When it comes to pricing, Mr. Moore carefully considered what he needed to comfortably meet his financial goals. She has a certain number of clients, but she wanted to secure clients who could support her fees. Her annual dues start at $6,000 for individuals and $9,000 for couples.

“There’s a concept of enough that a lot of people don’t think about. Everyone wants more and more, but there’s really enough. For example, there’s a point where you have more money than you need,” she said at a trust company. He said he had seen clients working and having more money than they needed in their lives and multiple generations.

She said that as her clients mature and her commissions rise, it’s natural to grow her company and earn more (she also has an AUM component). Moore also does writing, speaking, and consulting work to supplement her income. But once she gets to a certain point financially, “basically that’s where we are. Anything beyond that is gravy and doesn’t necessarily require money,” she said.

Williams said she had no income for the first three to four years of opening, but was able to bear the loss and try other things. She has received referrals from other advisors and has a strong stream to supplement her income. She does project-based planning, student loan consulting, webinars, has a podcast, she is a public speaker, financially sponsors her planning her retreat. She will be taking a group to Medellin, Colombia in her June and Bali, Indonesia in August.

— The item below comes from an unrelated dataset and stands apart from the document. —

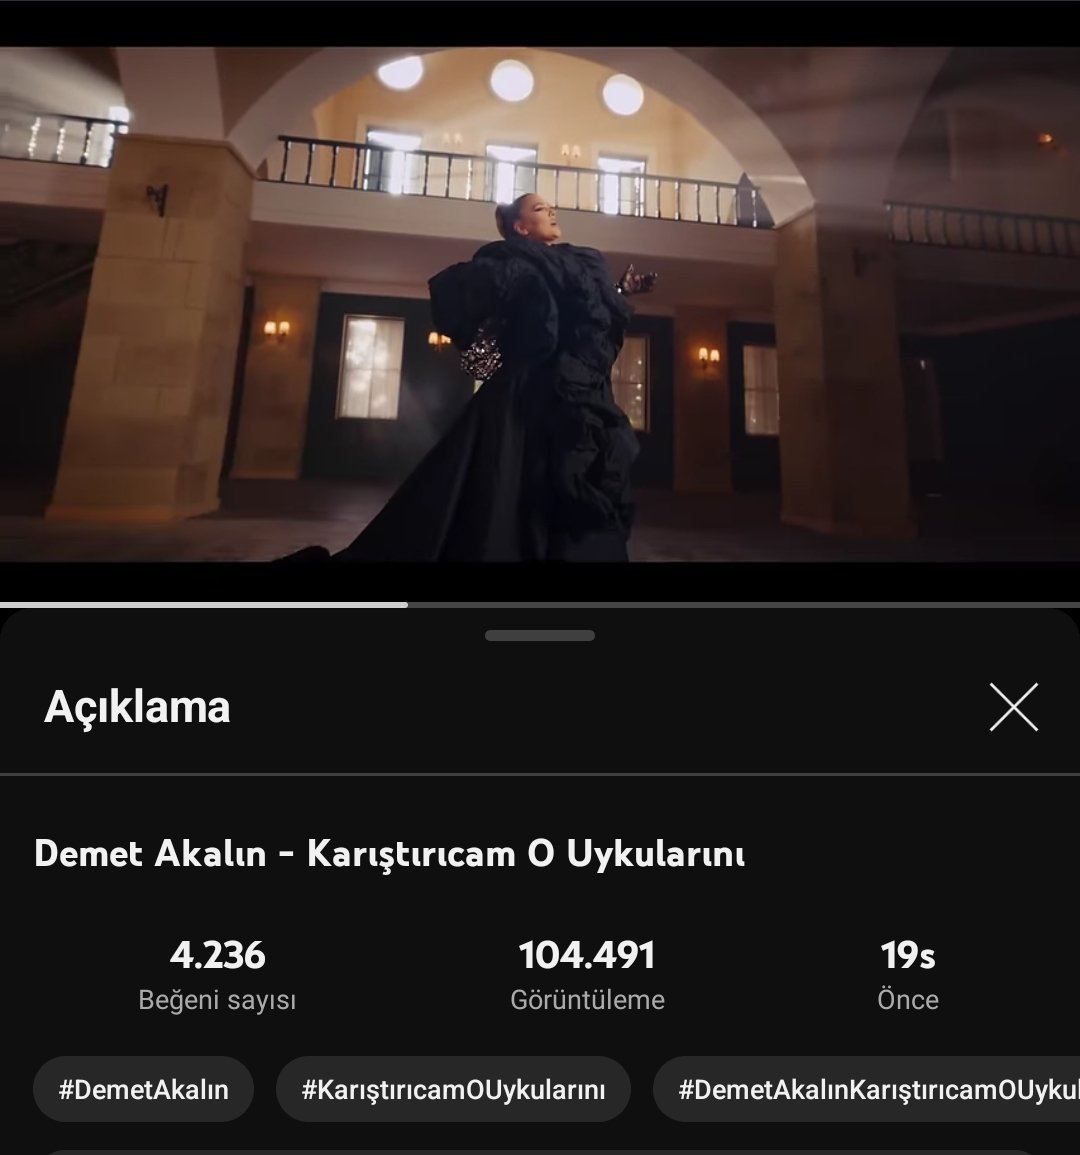 @DemetAkalin'ın yeni albümü olan #D-Pop'un ilk teklisi #KarıştırıcamOUykularını 19 saate 100.000 ( yüz bin ) dinlenmeyi geçti.

“So a lifestyle practice is something you want to create for yourself … look at what is specific to your life purpose,” Williams said. As much as we do, we need to consider how we organize our finances for ourselves and what is enough,” she said.

The idea of ​​what is enough is important, Carey agreed. “I think working in poverty for so long and seeing people in deep poverty skews your view of what is enough,” she said. She said her clients run the gamut of ages and finances, with her lowest earning client earning her $16,000 and her over $1 million client having There is “I have to say that I’ve realized that low-income people are actually happier people. I think that’s really thought-provoking.”